やみくもに警察に相談しても効果がないことも

闇金行為は犯罪です。

ただ、闇金被害に遭ったからといってやみくもに警察に相談しても効果がない場合もあることに注意が必要です。

特に、被害届を出さない「相談」は、闇金を刺激するだけで逆効果になることもあります。

警察は「相談」では捜査を行ってくれません。

また、被害届を出したとしても、こちらが提出した証拠が足りない場合や、他の被害届がでていない場合には、捜査をはじめてくれないこともあります。

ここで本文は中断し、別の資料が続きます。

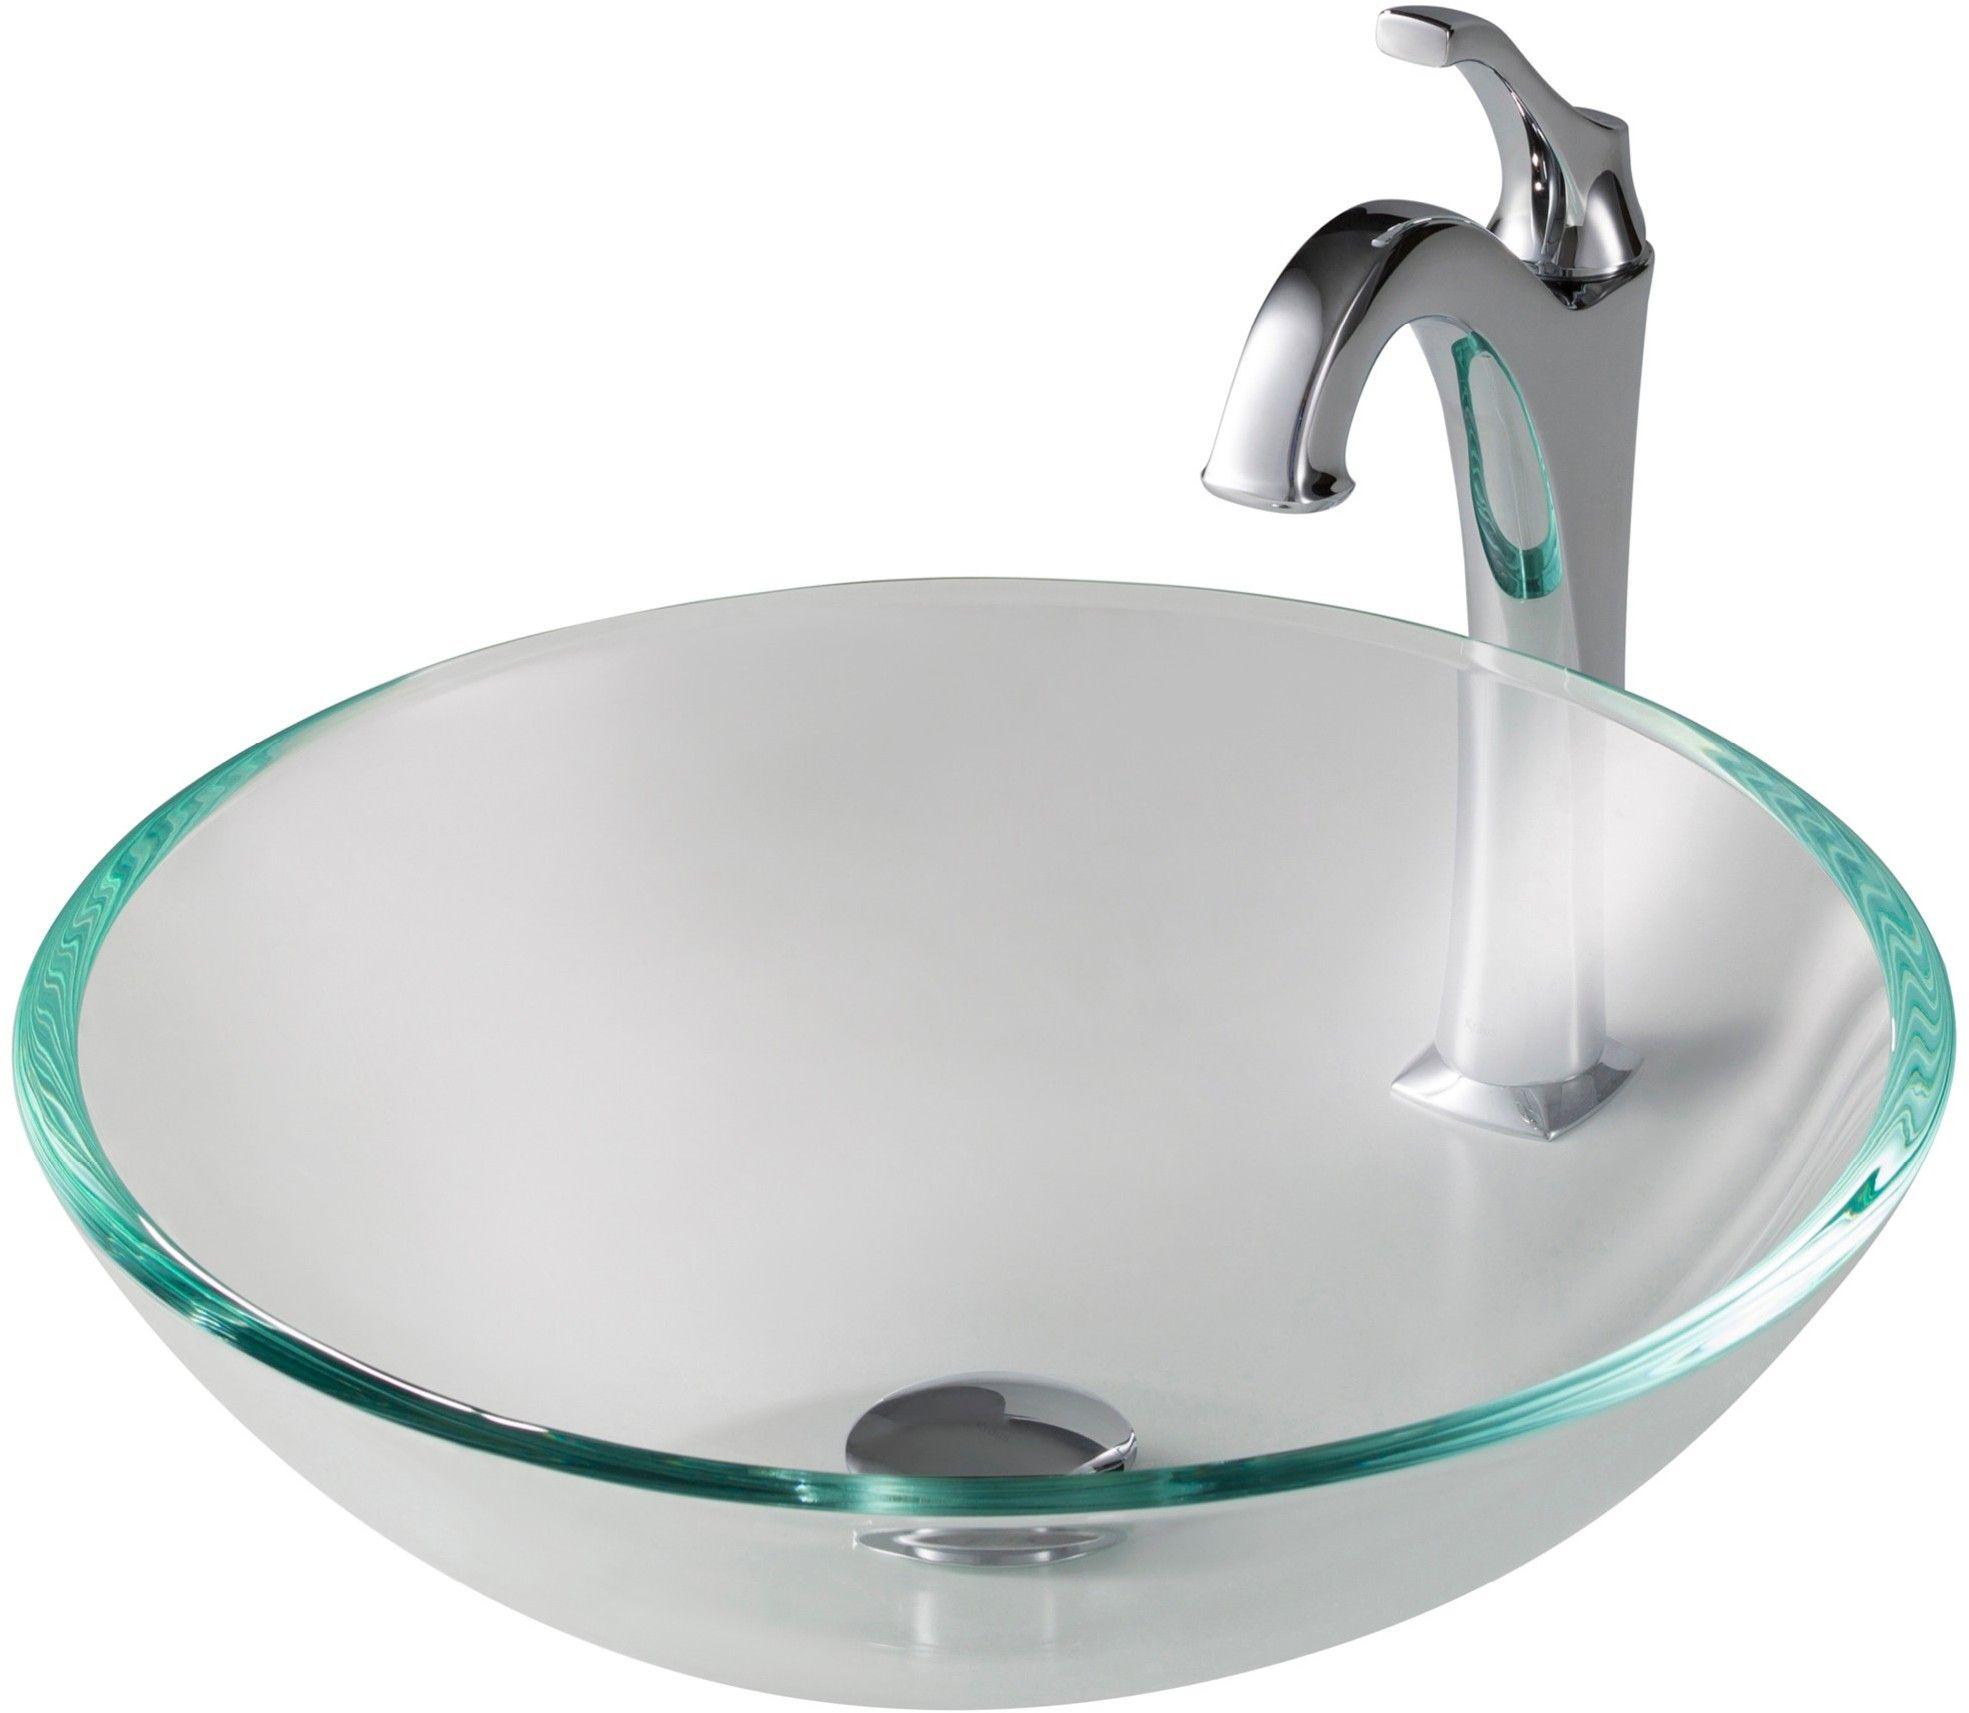 Kraus Single Tone Sink Faucet Combination Clear Cgv10012mm1200ch Glass Sink Sink Faucet

「警察に早く動いてもらう」ためには、弁護士や司法書士から警察に働きかけてもらうことがとても大切です。

「闇金に借りたお金は返さなくて良い」のまとめ
闇金から借金してしまう人のほとんどは「訳あり」の方です。

それ故に、闇金の問題は、消費者金融や銀行カードローンの場合よりも「1人で抱え込みやすく」なりがちです。

さらに闇金は、顧客の精神的な弱みに上手につけ込みます。

最近の闇金が、顧客の身の上話をよく聴いたりするのも「親切心」ではなく「顧客をコントロールするための手口」のひとつです。

闇金被害は、通常の借金問題以上に、1人で抱え込んだときのリスクの高いものです。

闇金とかかわってしまったときには、焦らず、落ち着いて対応し、1日でもはやく弁護士・司法書士に相談して手を切るようにしましょう。